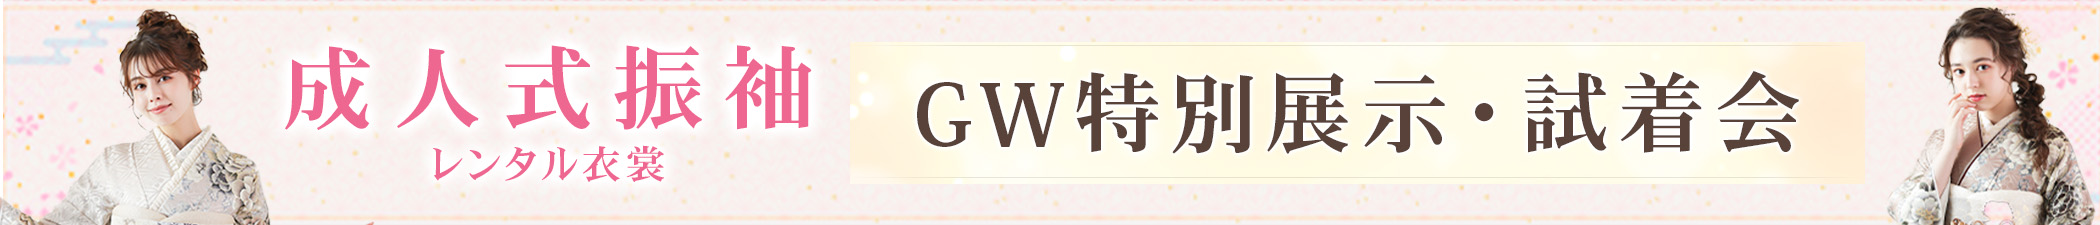 成人式振袖のレンタル衣裳 GW特別展示・試着会
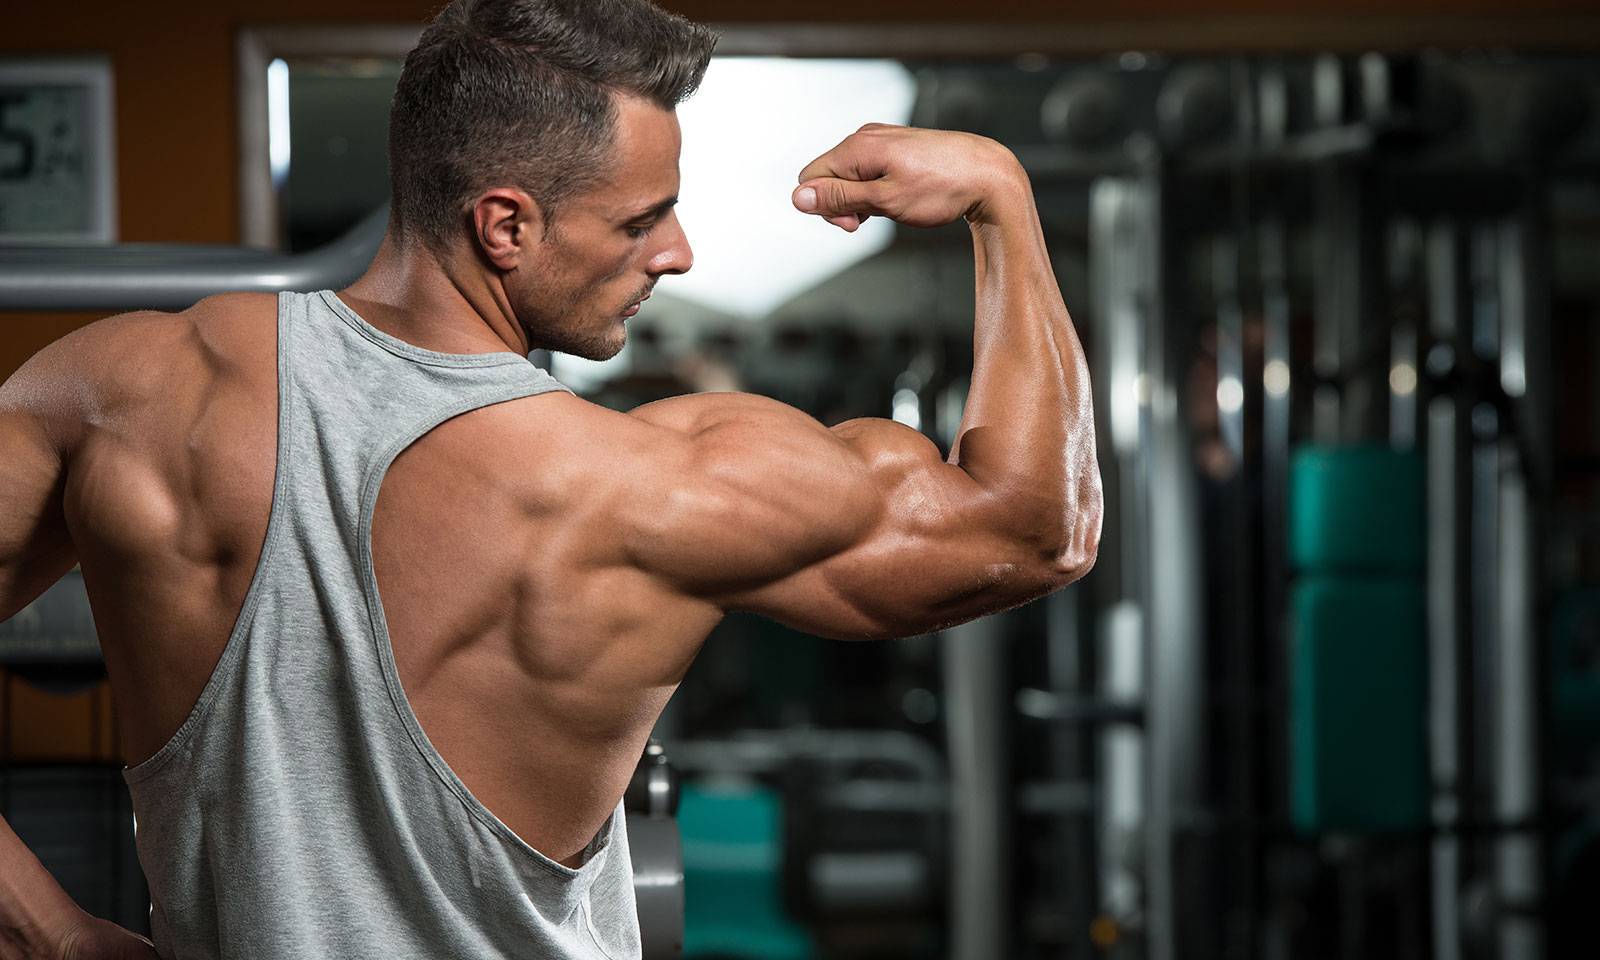 Как накачать мышцы с нуля? что нужно, чтобы нарастить мышечную массу?
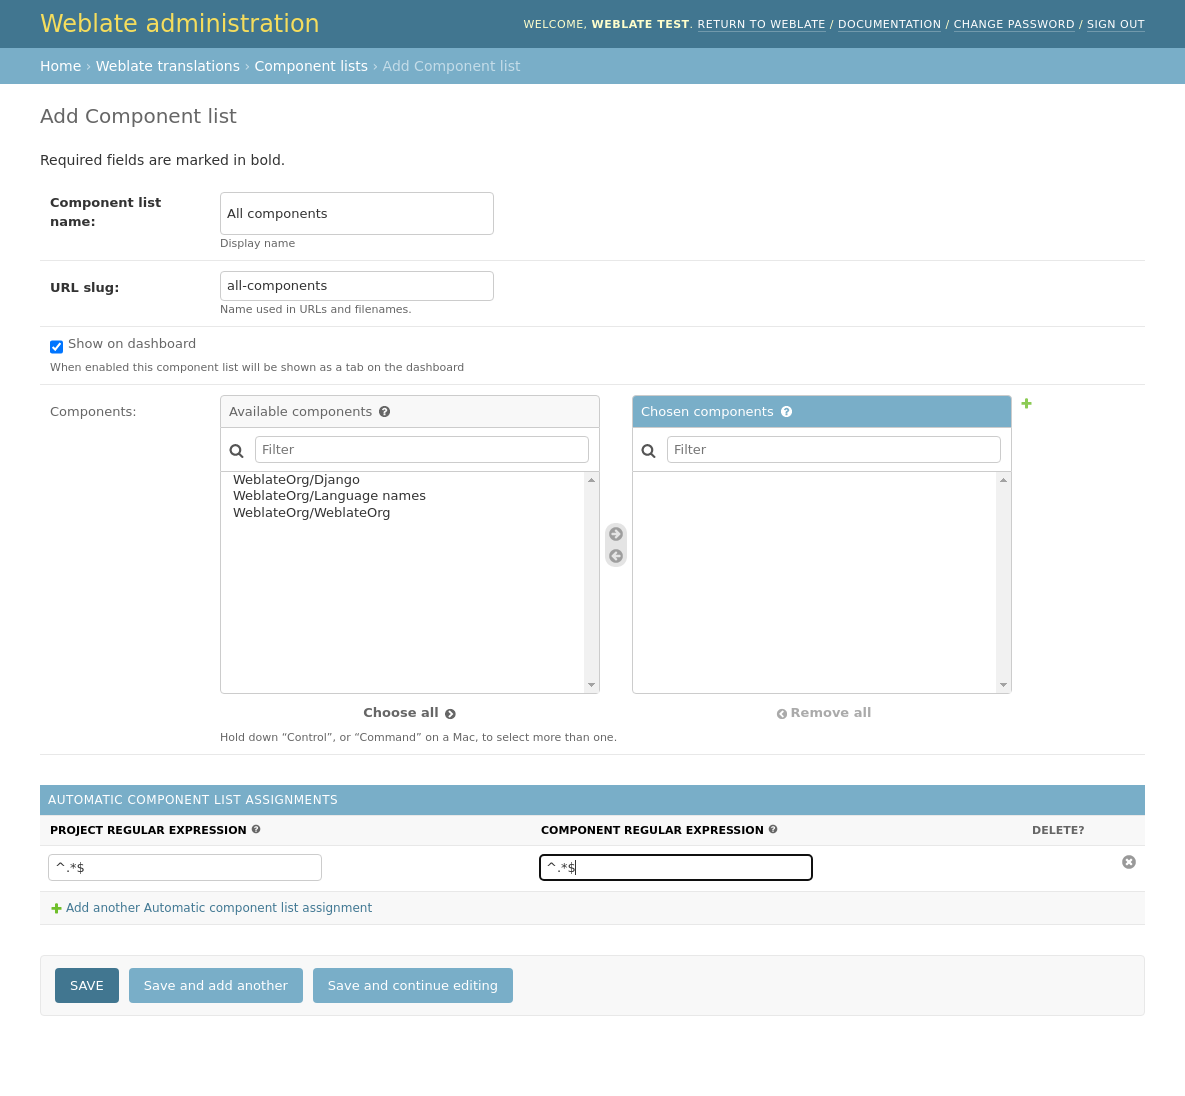 Изображение, показывающее панель администрирования Weblate с заполненной вышеуказанной конфигурацией.
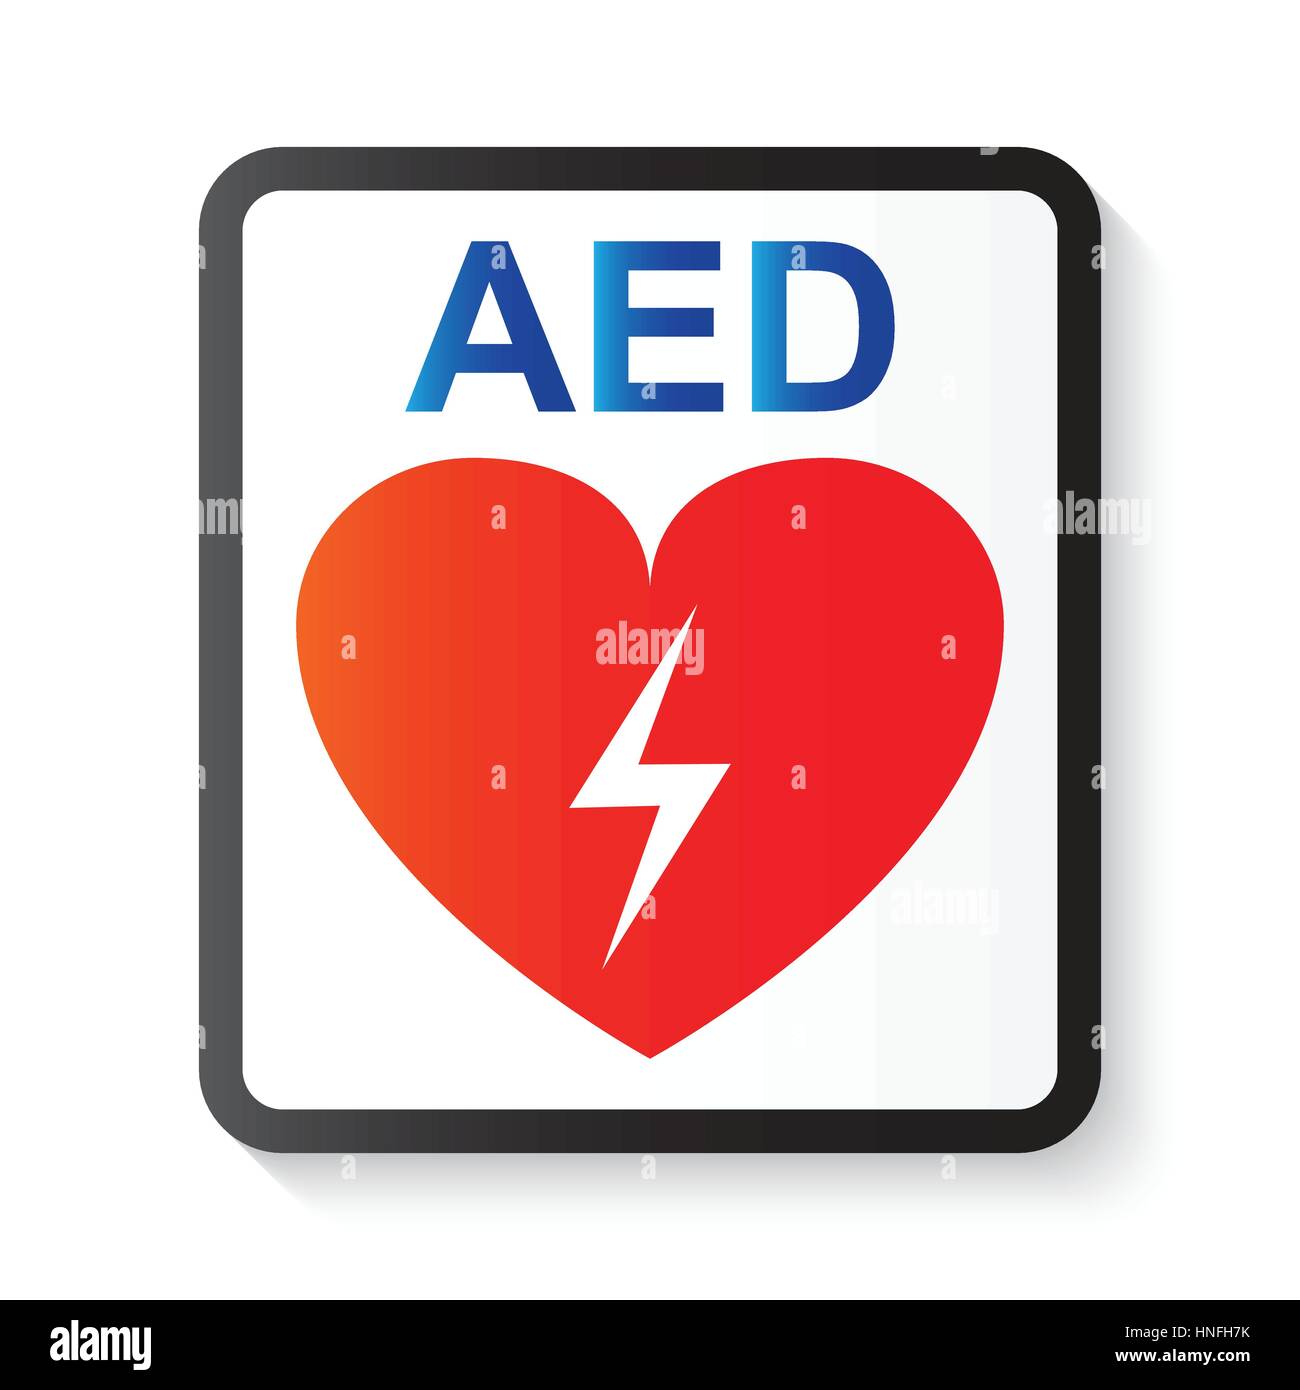 Défibrillateur automatisé externe ( DAE ) , cœur et thunderbolt ( image de base et de réanimation cardiaque avancée ) Illustration de Vecteur

### Exercise
All of the listing should be transcribed exactly, but none of its images.

### Result of this exercise
 成人式振袖のレンタル衣裳 GW特別展示・試着会
 Как накачать мышцы с нуля? что нужно, чтобы нарастить мышечную массу?
 Изображение, показывающее панель администрирования Weblate с заполненной вышеуказанной конфигурацией.
 Défibrillateur automatisé externe ( DAE ) , cœur et thunderbolt ( image de base et de réanimation cardiaque avancée ) Illustration de Vecteur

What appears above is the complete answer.